Calvert Roszell, Richard G. Griffith, Karen L. Marple, Stites & Harbison, Lexington, for appellee.

Before COOPER, HOWARD and MILLER, JJ.

COOPER, Judge.

This is an appeal from a summary judgment and amended summary judgment ordering the appellants to execute a document providing that neither a motel nor hotel may be developed on real property owned by them which is adjacent to the eastern boundary of property the appellee purchased from them in 1980. Reviewing the entire record, we affirm.

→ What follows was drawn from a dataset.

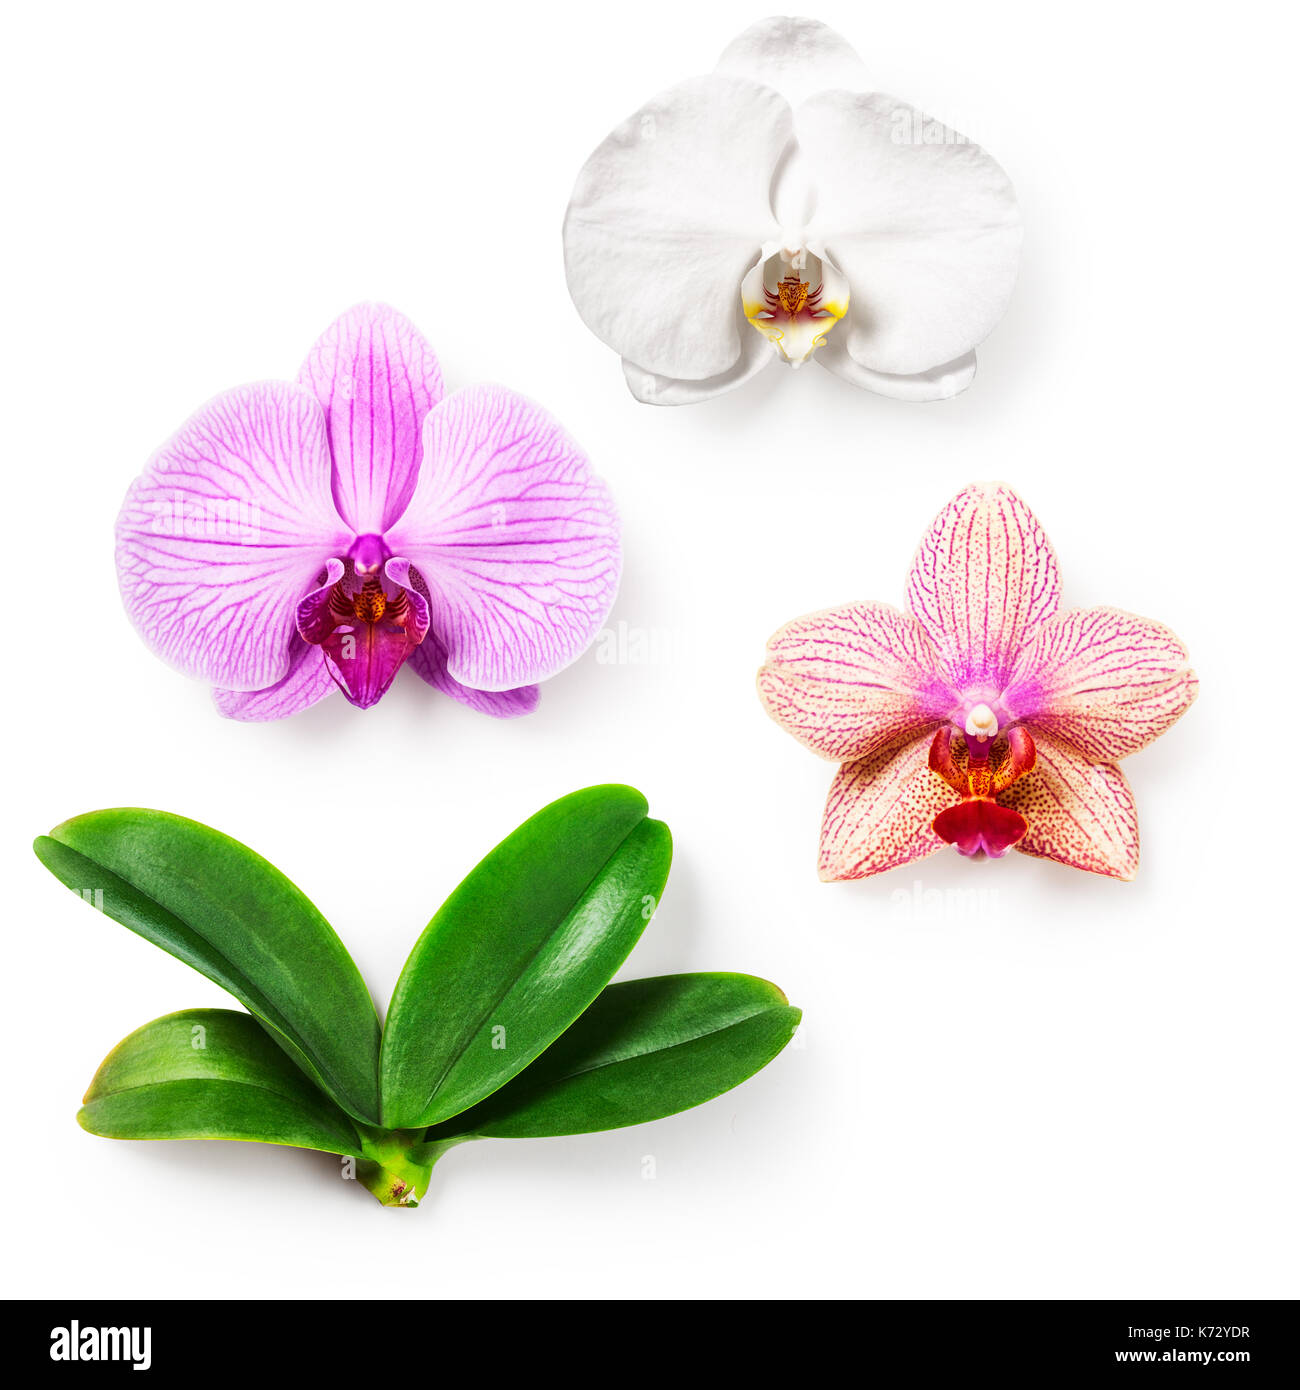 Orchid flower collection Cut Out Stock Images & Pictures - Page 3 - Alamy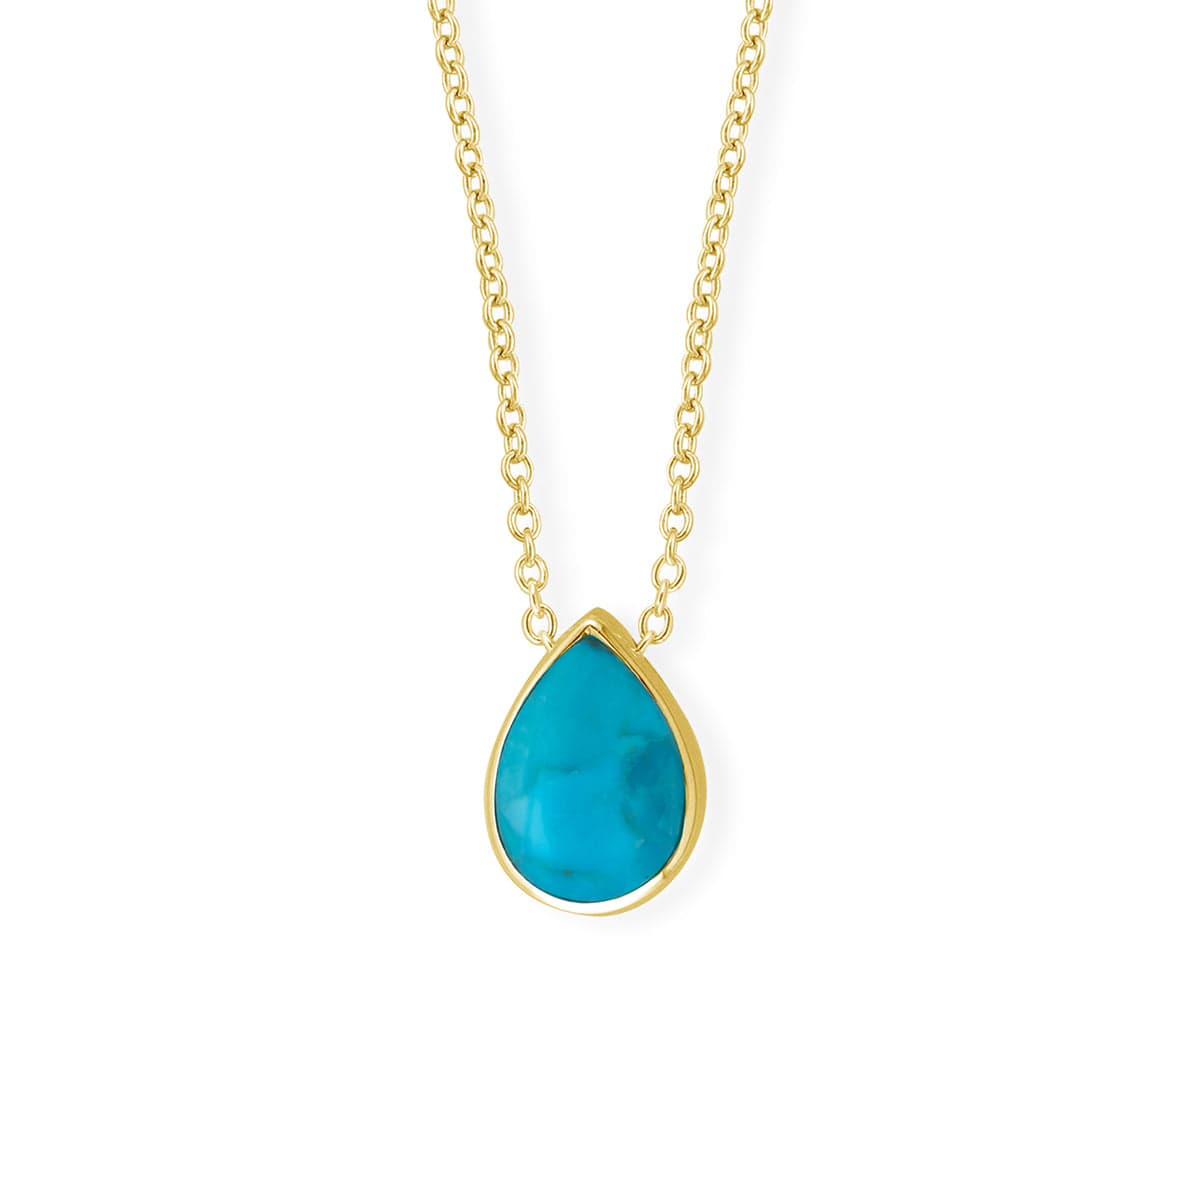 Boma Jewelry Necklaces Turquoise / 14K Gold Plated Treasured Teardrop Pendant Necklace

The appellants, Stuart R. Paine, Kenneth E. Hall, and A. Robert Doll, joint venturers D/B/A Paine Farms, as sellers, entered into a contract for the sale of 2.6 acres of land adjoining I-64 in Fayette County. The buyer, La Quinta Motor Inns, Inc. [hereinafter "La Quinta" or appellee], a Texas corporation, agreed to pay $275,000 for the land. Appellee planned to and did construct a motel on the property. The contract for sale, executed on June 13, 1980, contained the following paragraph, which is the gravamen of this appeal:

5.2 Covenants and Agreements of Seller. Seller covenants and agrees with Purchaser as follows: (d) On the Closing Date, Seller shall deliver to the Purchaser an instrument in form, scope and substance acceptable to Purchaser which shall provide that neither a motel nor hotel may be developed upon the real property owned by Seller and adjoining the Eastern boundary of the Land. Such instrument shall be fully and properly executed by the Seller; shall be in recordable form; and shall become a covenant which runs with the Land. Notwithstanding anything to the contrary contained herein, the covenants and agreements contained in this Section 5.2 shall survive the Closing.

The contract also stated that the purchaser buys the land "in consideration of the performance of the agreements of Seller herein contained. . . ." Moreover, the contract stipulated that Texas law would govern the *357 "validity, construction, enforcement, and interpretation" of the contract.

At the closing, in September of 1980, appellants did not produce any such document, nor apparently did appellee require it before accepting the deed.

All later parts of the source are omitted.